Task material =>
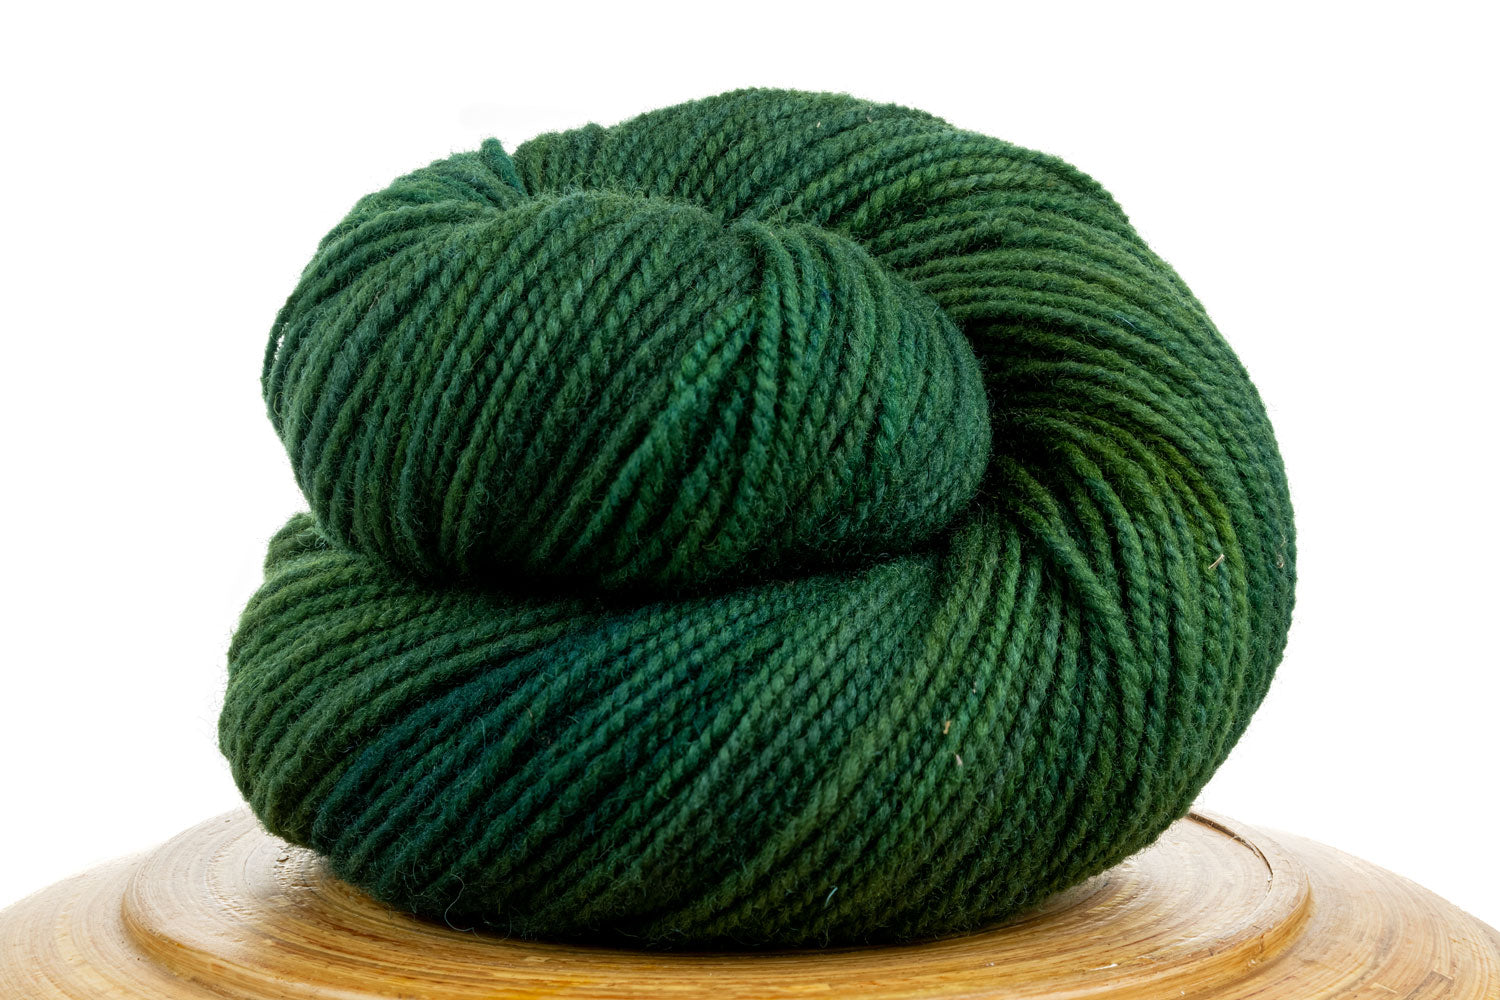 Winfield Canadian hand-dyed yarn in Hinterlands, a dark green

==

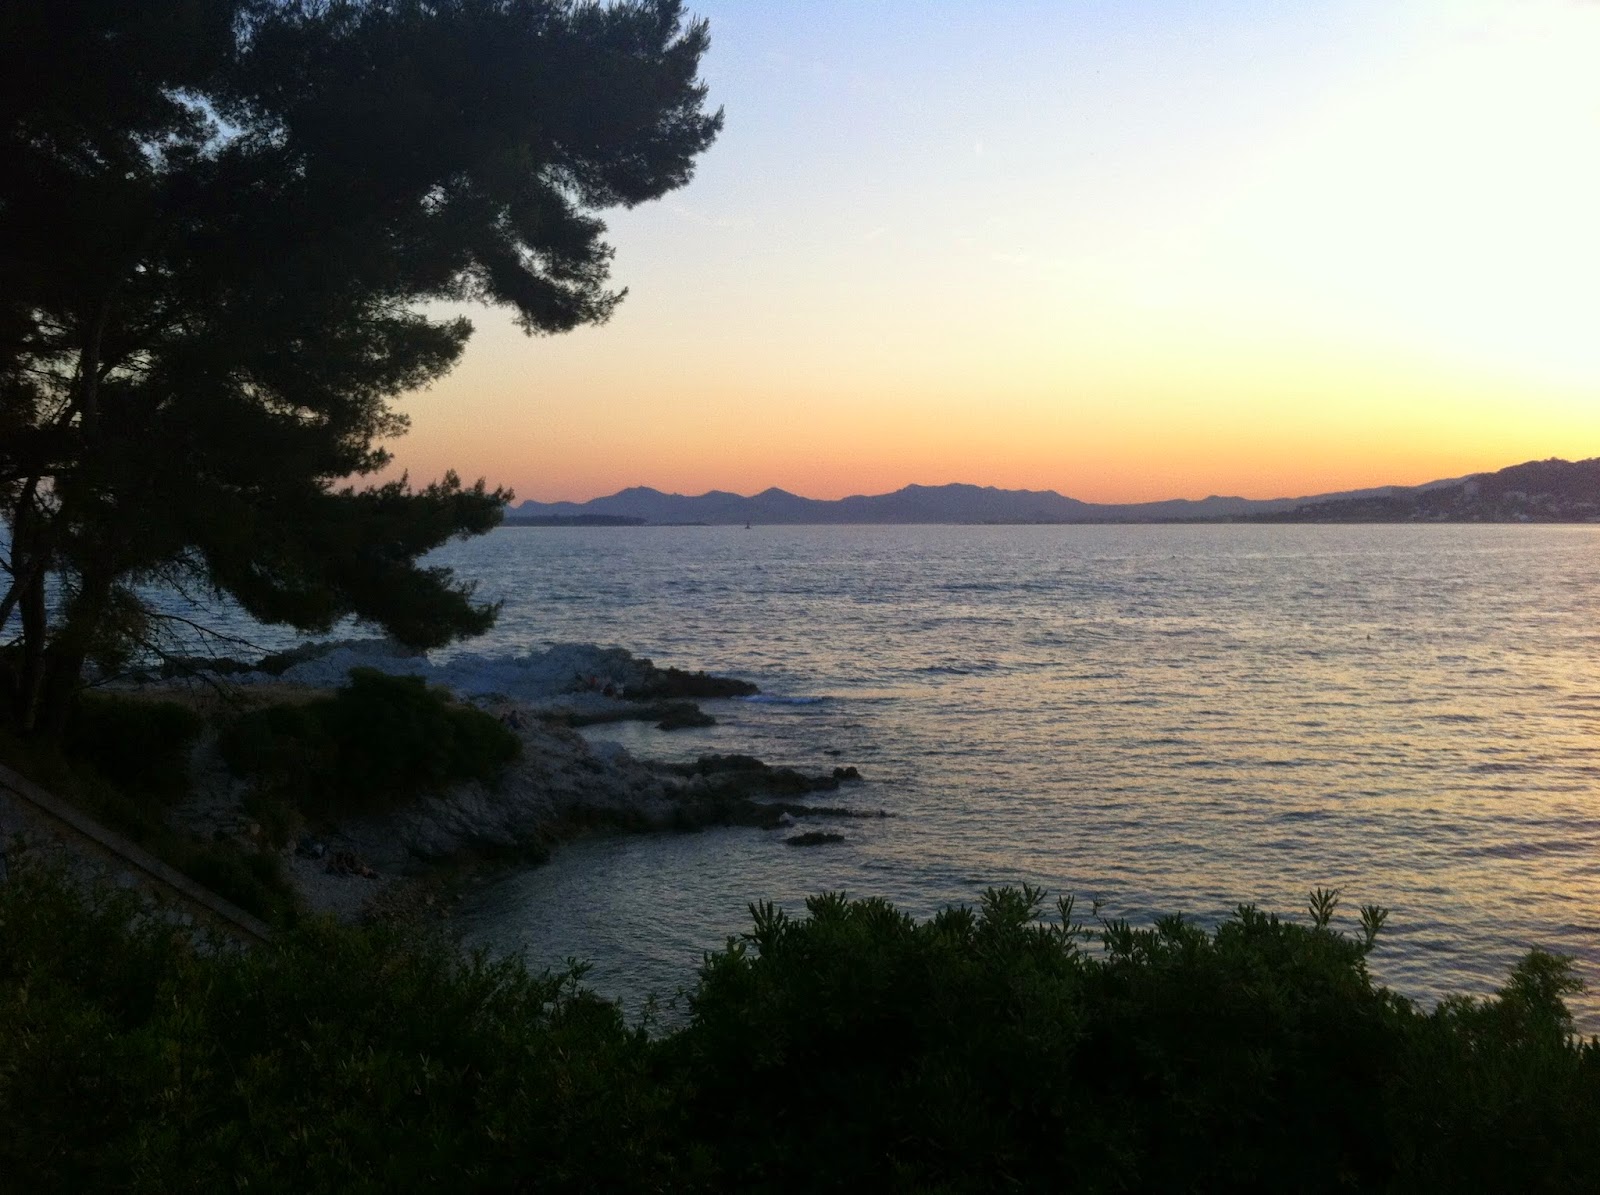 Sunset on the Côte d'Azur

--

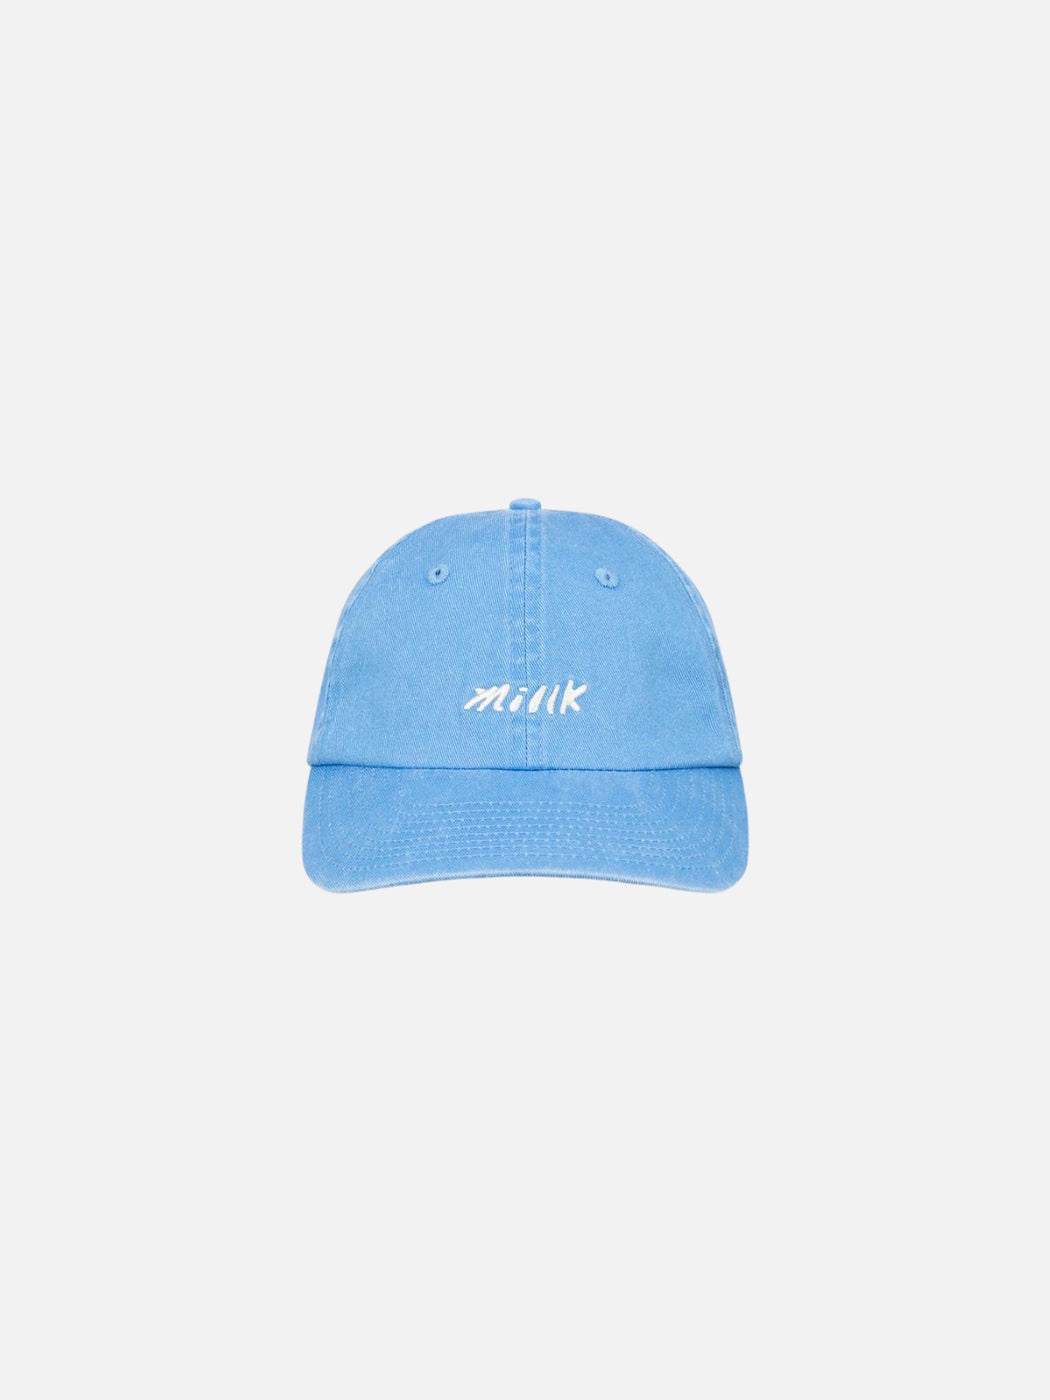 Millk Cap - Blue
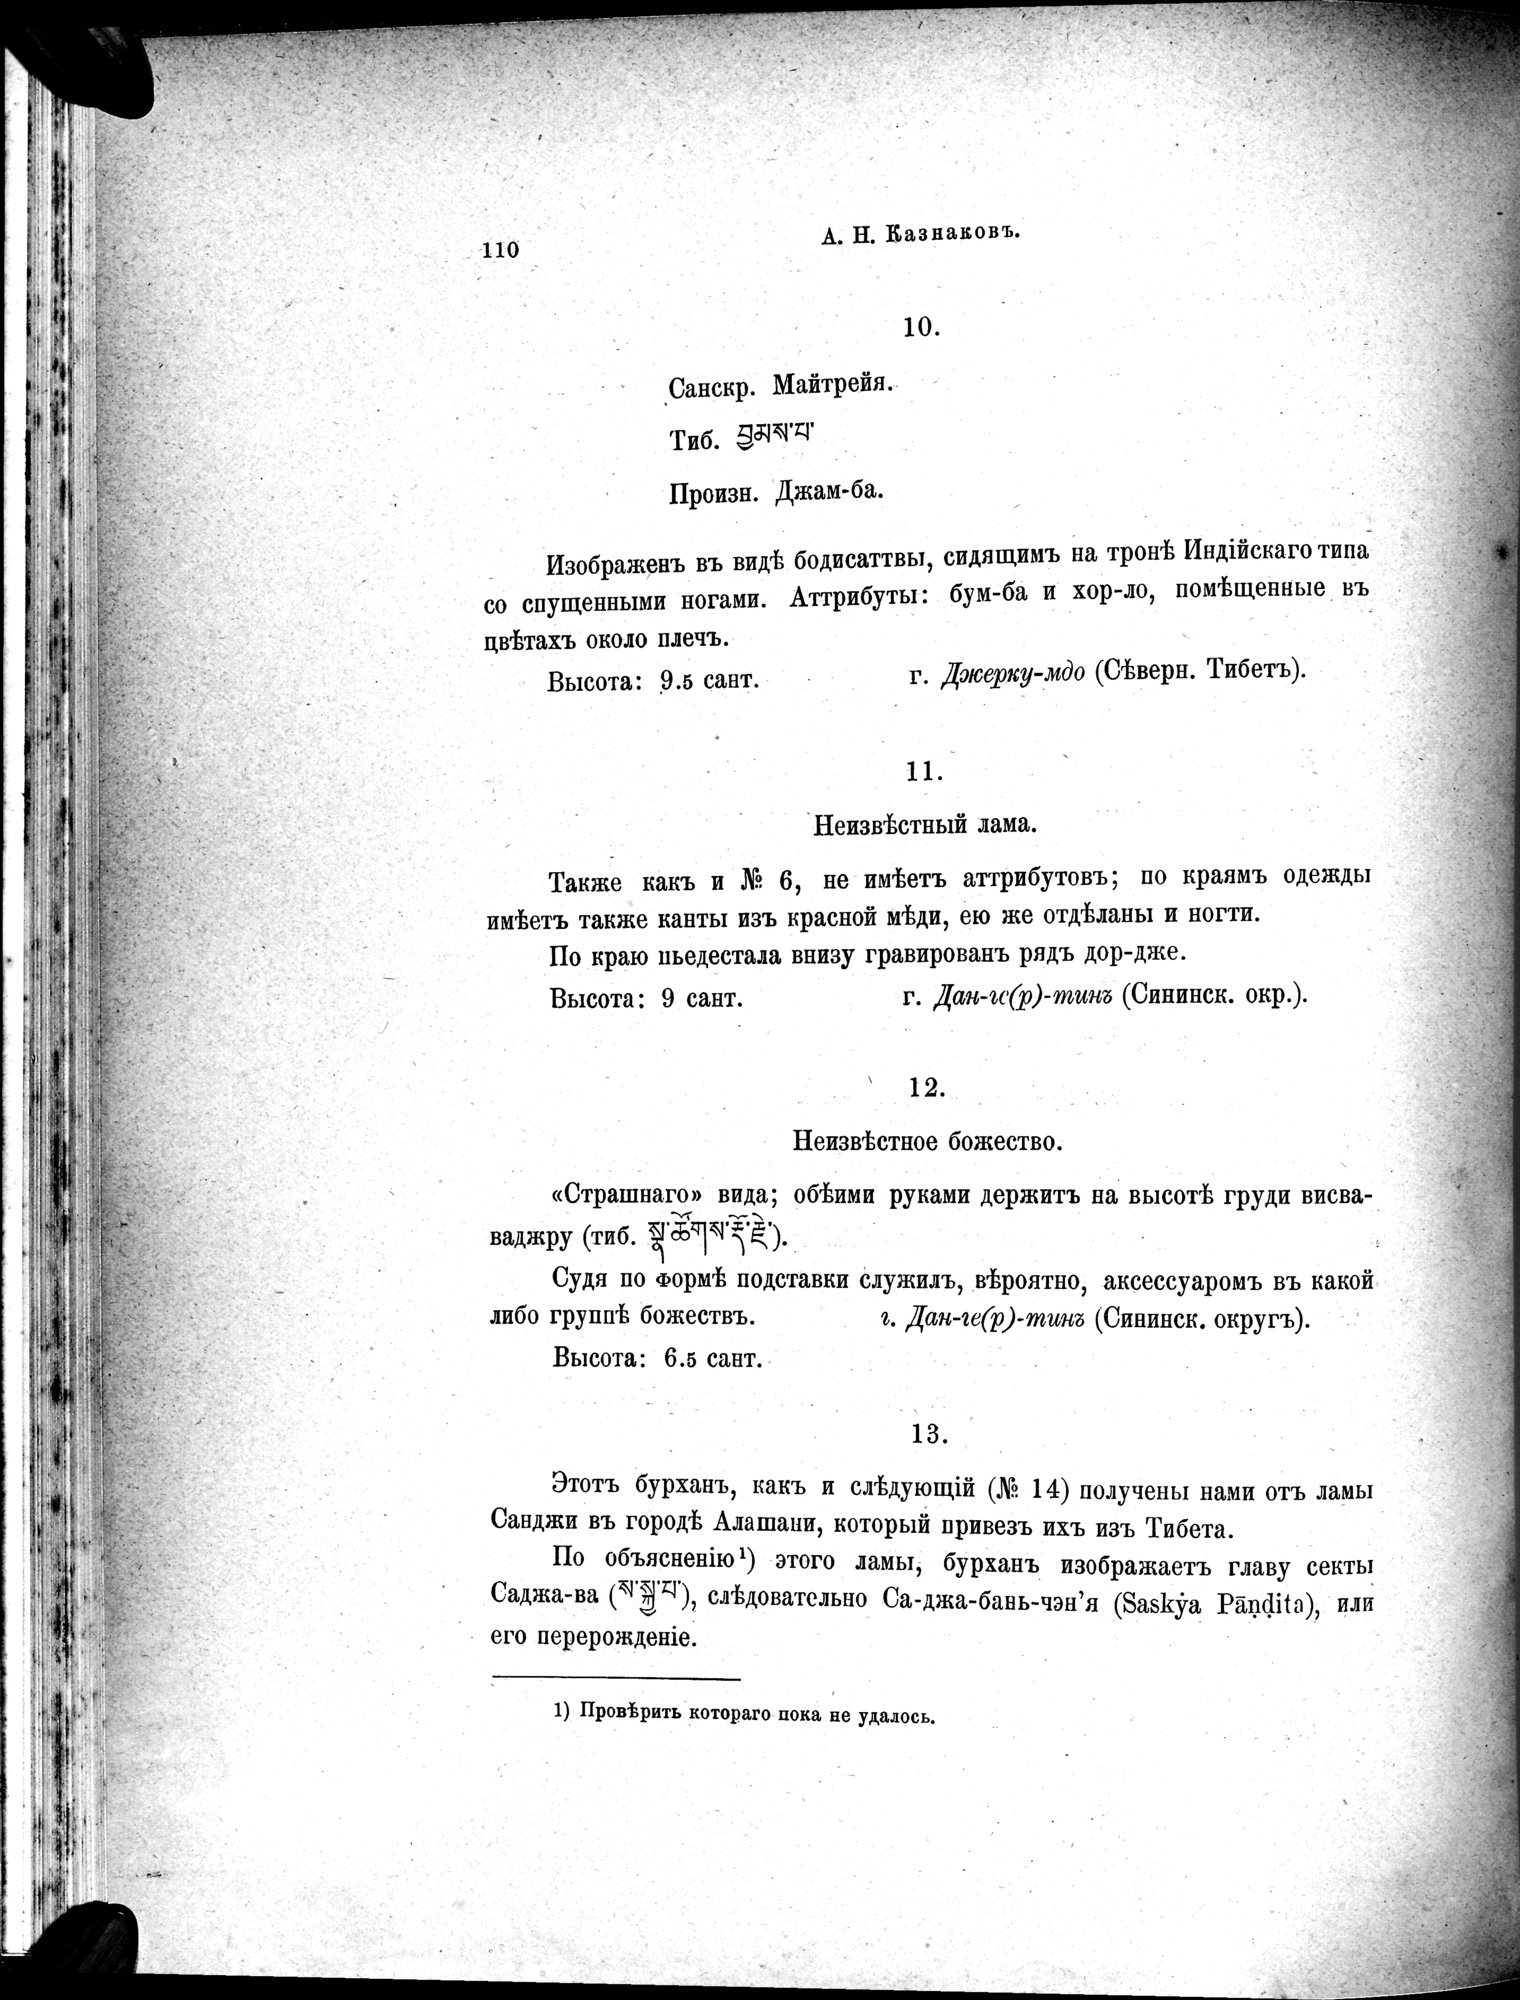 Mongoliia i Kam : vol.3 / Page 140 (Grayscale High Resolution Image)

Aim of the task => Reproduce the lines above beginning at the line that contains "Millk Cap - Blue" and ending at the line that contains "Mongoliia i Kam". No pictures.

Exercise answer =>
 Millk Cap - Blue
 Mongoliia i Kam : vol.3 / Page 140 (Grayscale High Resolution Image)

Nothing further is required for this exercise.